Add a var variable, which is an analysis variable and can be used for mean/median/etc.
Class variables can also be analysis variables, but they have to be declared as such (and it often doesn't do exactly what you want due to the interaction between class and analysis variables).
In your case, age and height are clearly not intended to be classification variables; they're analysis variables. You're not getting counts for each unique value, but summary statistics.
To your larger problem, you are missing something fundamental about PROC TABULATE tables that's too long to go into here; go read some tutorials. At minimum, you're confused about how rows, columns, and interactions work; all those * lead to a very different table than you're looking for. Space separates things concatenated together on the same axis, while comma separates rows from columns, and asterisk nests inside a dimension.
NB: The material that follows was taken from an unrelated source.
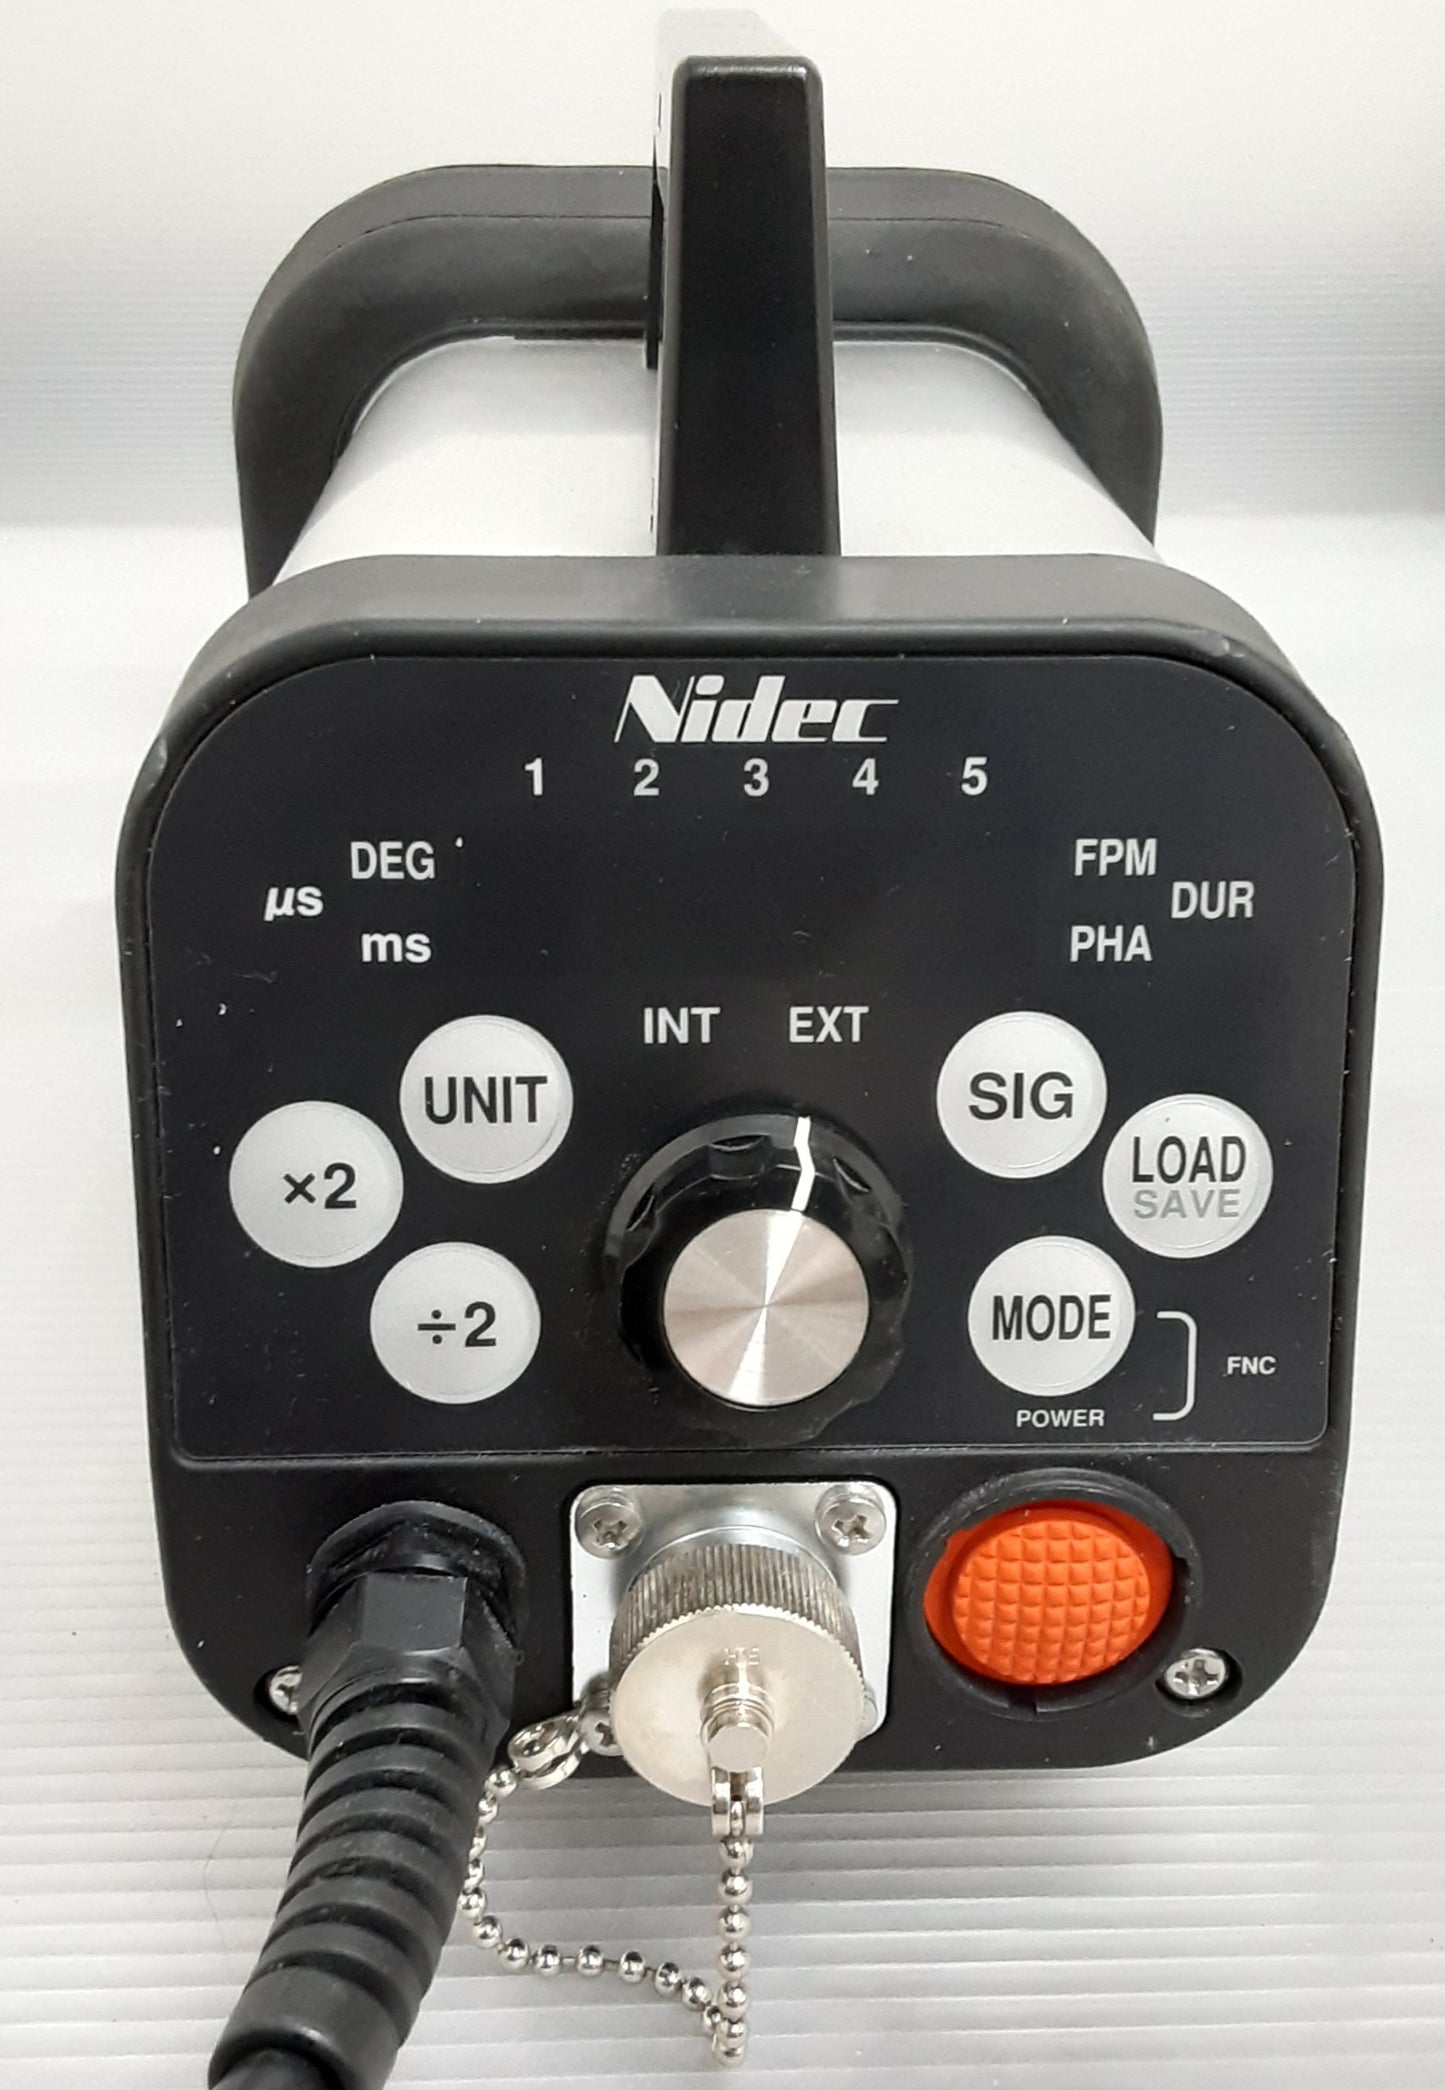 日本電産シンポ(NIDEC)製 LEDストロボスコープ DT-361 機械動作確認･印刷チェック用機器 nihondensanshimpo1-dt361-6033

So leaving aside the other issues, you need something like
table (race gender age height)*(n pctn),treatgr;
Order is (table/page),(row),(col).
To get the mean/median, I don't think you can do exactly that; but if you could, it would be something like
table (age*mean age*median age*n age*min age*max),treatgr;
An example of a table not too far from yours:
proc tabulate data=sashelp.class;
var height weight;
class sex age;
table age,sex*(n colpctn);
table (height*n height*mean height*median height*min height*max)
(weight*n weight*mean weight*median weight*min weight*max),sex;
run;
That's not perfect, and I suspect it's not possible to do exactly what you want in one TABULATE table (or two like above); you'd have to use PROC REPORT likely to get it to look exactly like that.